At least three people ordered white Russians, but nobody showed up in a purple jumpsuit or robe and sandals for the first Over The Line, a Big Lebowski-themed monthly rock and roll bowling event at Diamond Strike in Pompano.
The 40-year-old bowling alley heated up on a cold Sunday night as the Shakers, Los Bastardos Magnificos, and Mobile Homies offered everybody in the building their first experience hearing a live band while trying hard to throw more strikes than gutter balls.
"This kind of thing is huge out west in Vegas and all over California," said event organizer Mark Pollack. "We've been trying to get something like this going for a long time. Bowling and rock and roll go together like milk and cookies -- it seemed obvious."
Nobody who came out had played or seen an event like Over The Line in South Florida, but Diamond Strike manager Debbie Feder said when she spoke with Pollock, there was no hesitation to say yes instantly. "I just loved it," she said.
Feder's group took over Diamond Strike four years ago, reacting to the down economy at the time by finding ways to make it cheaper for families to have a fun day out at a low cost.

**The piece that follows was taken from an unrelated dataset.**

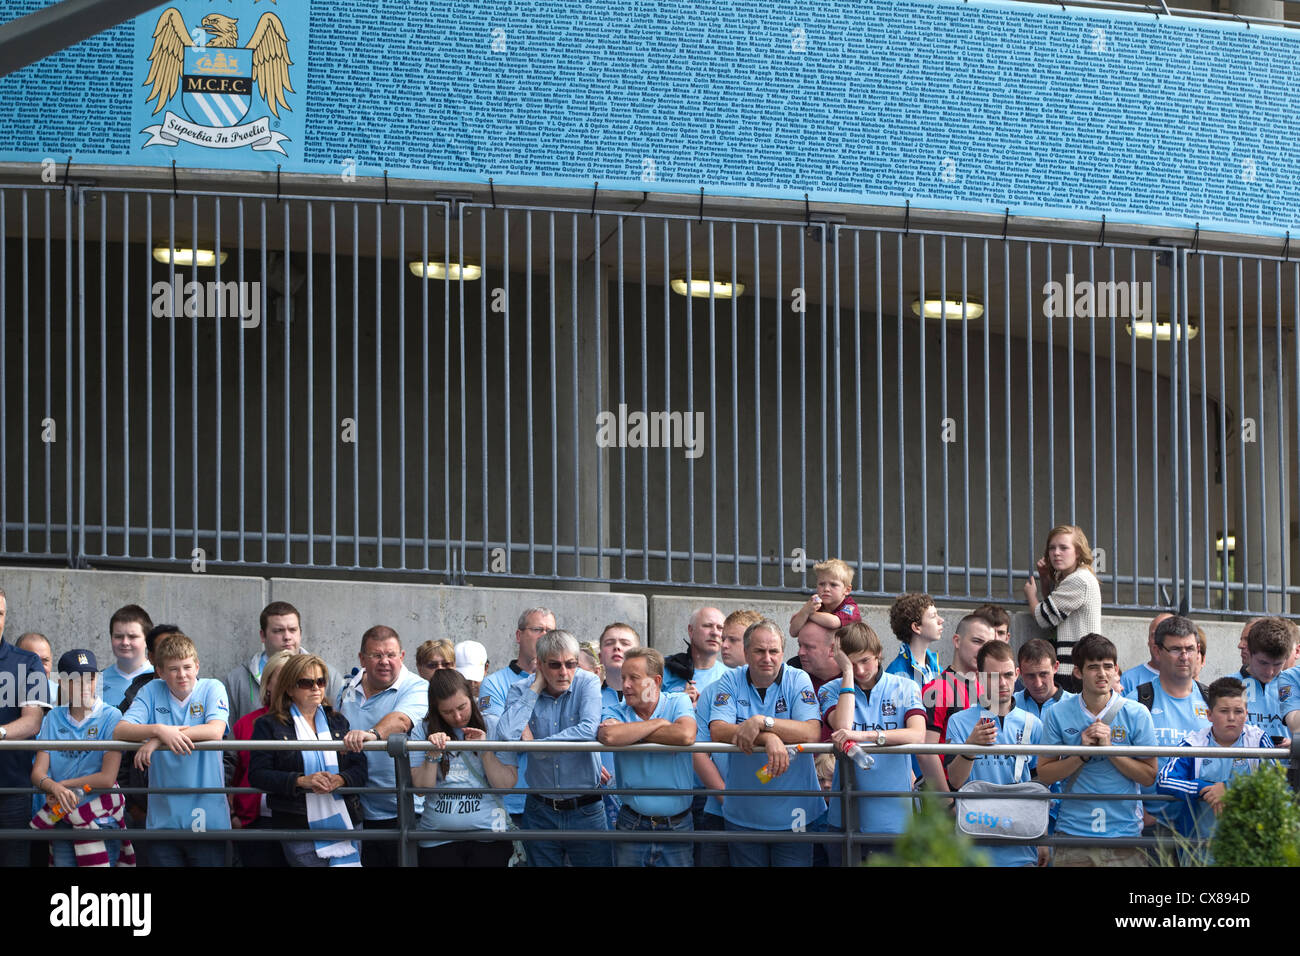 Fans waiting to meet their idols outside the Etihad Stadium, Manchester City Football Club, Manchester, England, United Kingdom Stock Photo

She also has developed a series of evening special events, bringing in DJs for hip-hop night on Mondays and inviting national artists for a series of rockabilly shows, among other ideas to get people through the doors.

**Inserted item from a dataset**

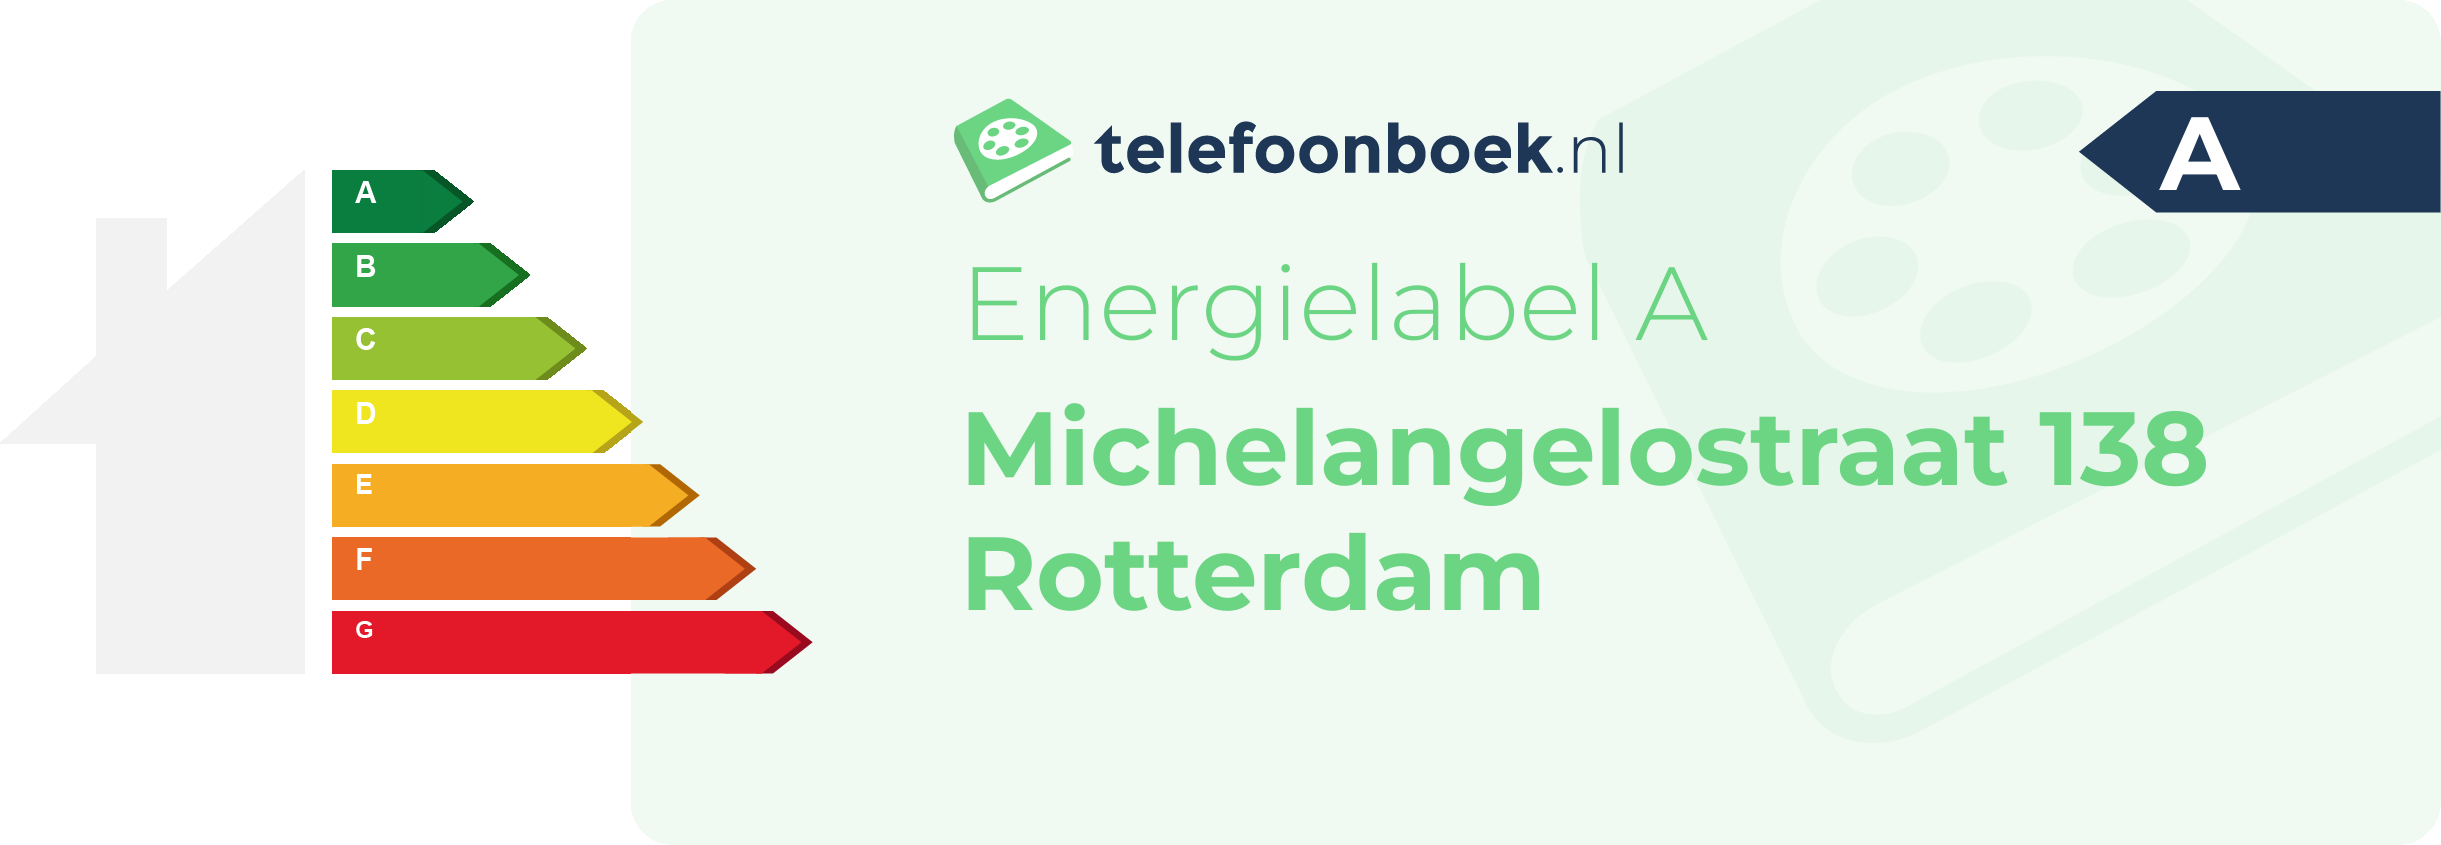 Energielabel Michelangelostraat 138 Rotterdam

"We want to bring back the old-fashioned bowling night out," Feder said, adding that Over the Line had clearly brought out a new crowd.
Pollack had nearly given up trying to get his rock and roll bowling concept going after every bowling center in Broward County he talked to either couldn't fit the event into their busy league schedules or were leery about rock and roll polluting the purity of the alley.
It took less than a day to book the bands, all of whom were enthusiastic to play soundtrack for the music-lovers and holiday-bored masses that packed Diamond Strike's lanes.
"We hang out at bowling alleys when we're on tour because it's the latest thing open," said Los Bastardos Magnificos singer and guitarist David Miller, "So we'll hang out after shows. We've absolutely never played in one though."
Fort Lauderdale resident Chris Cloer said he searched for bowling alleys online while looking for something to do, and thought Over the Line sounded different. "I've heard about stuff like this but never been to it -- it was fun."
Nicole Parente of Coconut Creek isn't a bowler, but stopped for a slice of pizza down the street from Diamond Strike and saw the flyer on Facebook -- deciding to head a block away to catch the Shakers. "I was like, 'fuck yeah,'" she said. "I like bowling but I don't do it a lot. I'd come back to this though."
As with many at the alley, the closest to a Lebowski reference she heard came from the mouths of the bands, nearly all of whom were sure to scream "over the line" and remind bowlers that "this is not 'Nam. This is bowling - there are rules."
The bands ramped up the tempo over the course of the night, starting with Lake Worth's Mobile Homies. Some bowlers seemed surprised when the "rock and roll dudes playing country" got going. "Our minimum [for a good show] was met: Two pretty girls were dancing, and two others were singing along. Granted, it was a cover, but it still counts. That's pretty cool when people who've never seen you before are that into it."
Los Bastardos Magnificos quickly set up next, filling Diamond Strike with Miller's distinctly hardcore punk-style gruff vocals, acoustic guitar and the sounds of fiddle. There aren't many bands in Miami peddling anything like their Outlaw America, so playing before the speeding punk rock of the Shakers wasn't new.
"We've always been known to play oddball places," said Pat Shaker, singer and guitarist for the 19-year-old Margate based band. "We can make fun of each other the whole time, which watching a bunch of non-athletes -- it was fun."
As the band packed up and bowlers bundled up before walking into the strangely freezing South Florida night air, it appeared that everybody who showed up -- we'll collectively call them The Dude -- abided. And planned to come back.
"This place is dope," said Shakers bassist John Shaker. "You get to bowl and listen to bands. You can't go wrong."
Personal Bias: Three good local bands, a range of people from age five to ancient cursing their gutter balls, and vague but continuous references to one of the greatest cult classic films of the last twenty years? There's no way this was going to go badly.